# Exercise Twelve: Texts, Three Ways
For this week, you will sample the three methods we've explored (topic modeling, sentiment analysis, and Markov chain generation) using the same set of root texts.

- Collect and import ten documents (novels work best, but anything goes!)
- Using the topic modeling code as a starter, build a topic model of the documents
- Using the sentiment analysis code as a starter, run a sentiment analysis on sample fragments from the documents and compare
- Using the Markov chain code as a starter, generate a sentence using one of the documents
- Using the Markov chain code as a starter, generate a longer text fragment using all of the documents

As a bonus, try to extend this analysis to note other features of these documents using any of our previous exercises as a starting point.
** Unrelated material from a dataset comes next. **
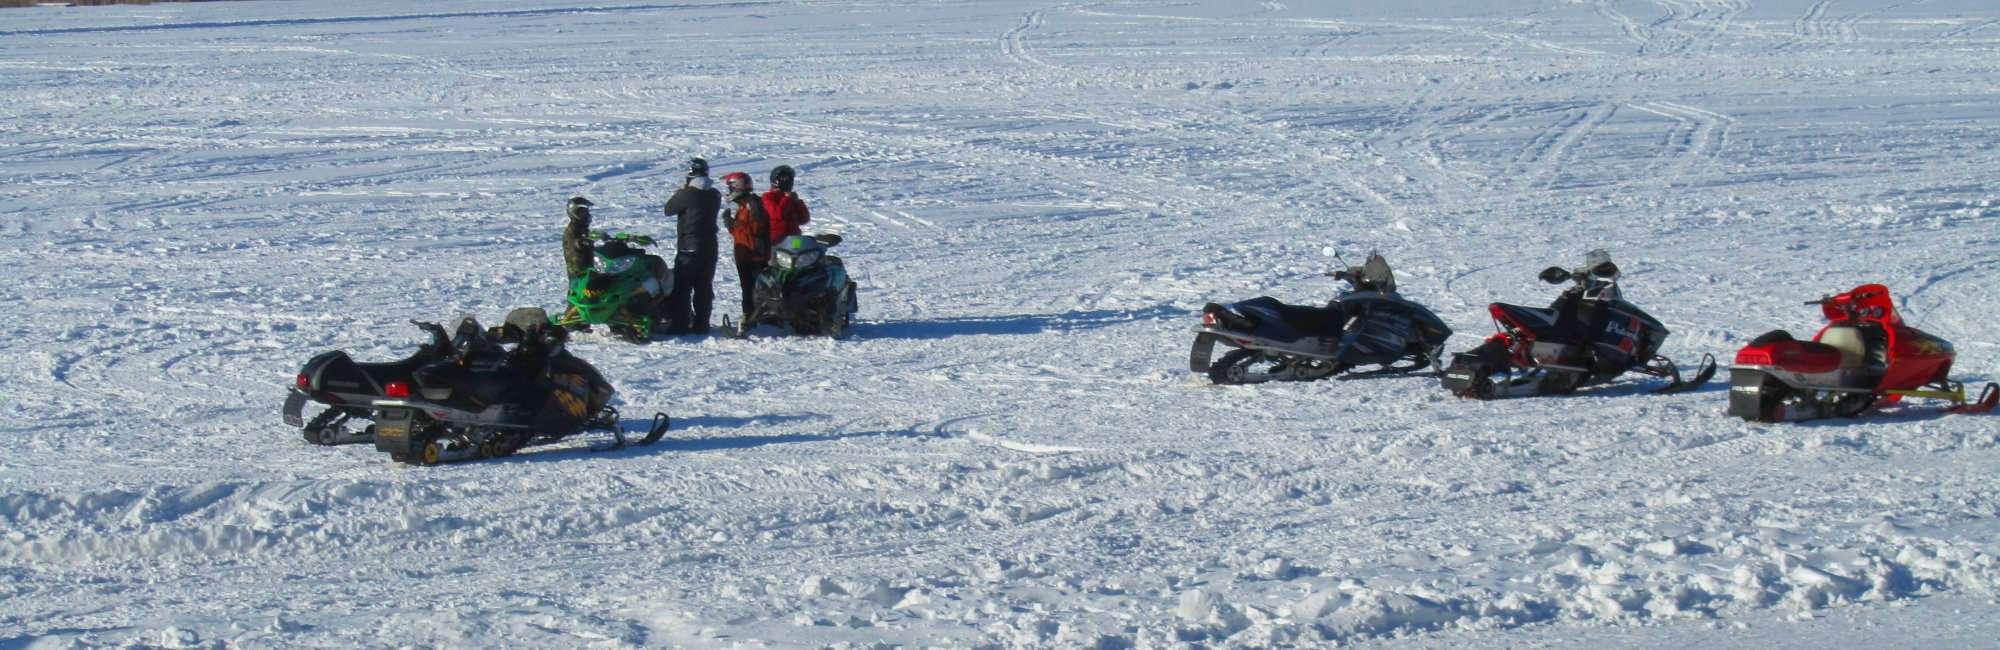 Slide-Winter-Snowmobile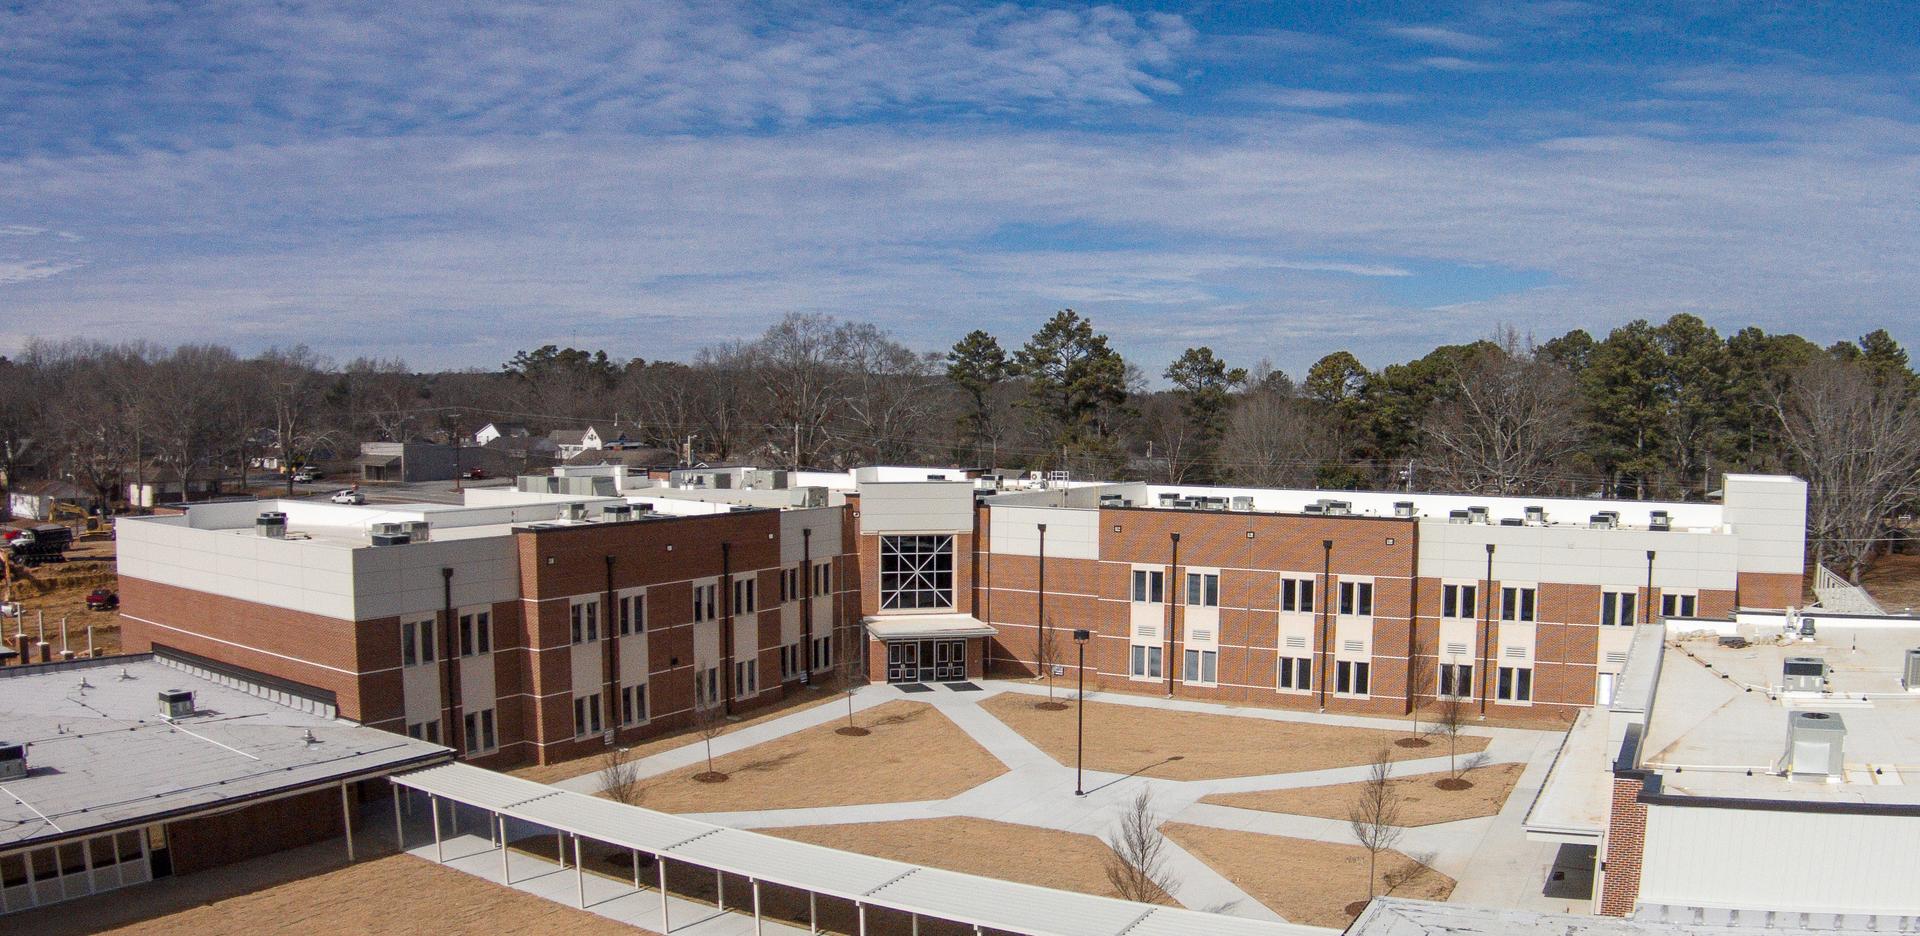 The new Cullman High School

(Karsdorp, Kestemont, and Riddell).


## Stage One: Collect and import ten documents (novels work best, but anything goes!)

(Karsdorp, Kestemont, and Riddell).

In [41]:
import wikipedia
import os
path = "entries/"

directors = ["Steven Spielberg", "George Lucas", "Martin Scorsese", "Ridley Scott","M. Night Shyamalan"]
for director in directors:
    page = wikipedia.page(director)
    print(page.title)
    filename = path + director.replace(" ","_") + ".txt"
    with open (filename, "w", encoding="utf-8", errors="ignore") as f:
        f.write(page.content)
        f.close()

In [42]:
authors = ["Terry Pratchett", "Annalee Newitz", "Charlie Jane Anders", "Octavia Butler","N.K. Jemisin"]
for author in authors:
    page = wikipedia.page(author)
    print(page.title)
    filename = path + author.replace(" ","_") + ".txt"
    with open (filename, "w", encoding="utf-8", errors="ignore") as f:
        f.write(page.content)
        f.close()

AttributeError: module 'wikipedia' has no attribute 'page'

## Stage Two: Using the topic modeling code as a starter, build a topic model of the documents

(Karsdorp, Kestemont, and Riddell).

In [None]:
import pandas as pd
import os
import numpy as np

documents = []
path = 'film directors/'

filenames=sorted([os.path.join(path, fn) for fn in os.listdir(path)])
print(len(filenames)) # count files in corpus
print(filenames[:10]) # print names of 1st ten files in corpus

In [None]:
import sklearn.feature_extraction.text as text

vectorizer=text.CountVectorizer(input='filename', stop_words="english", min_df=1)
dtm=vectorizer.fit_transform(filenames).toarray() # defines document term matrix

vocab=np.array(vectorizer.get_feature_names())

In [None]:
print(f'Shape of document-term matrix: {dtm.shape}. '
      f'Number of tokens {dtm.sum()}')

In [None]:
import sklearn.decomposition as decomposition
model = decomposition.LatentDirichletAllocation(
    n_components=100, learning_method='online', random_state=1)
document_topic_distributions = model.fit_transform(dtm)
vocabulary = vectorizer.get_feature_names()
# (# topics, # vocabulary)
assert model.components_.shape == (100, len(vocabulary))
# (# documents, # topics)
assert document_topic_distributions.shape == (dtm.shape[0], 100)  

In [None]:
topic_names = [f'Topic {k}' for k in range(100)]
topic_word_distributions = pd.DataFrame(
    model.components_, columns=vocabulary, index=topic_names)
print(topic_word_distributions)

In [None]:
topic_word_distributions.loc['Topic 9'].sort_values(ascending=False).head(18)

In [None]:
words = topic_word_distributions.loc['Topic 2'].sort_values(ascending=False).head(18)
words

from matplotlib import pyplot as plt
from wordcloud import WordCloud, STOPWORDS
import matplotlib.colors as mcolors

# Create and generate a word cloud image:
wordcloud = WordCloud().generate_from_frequencies(words)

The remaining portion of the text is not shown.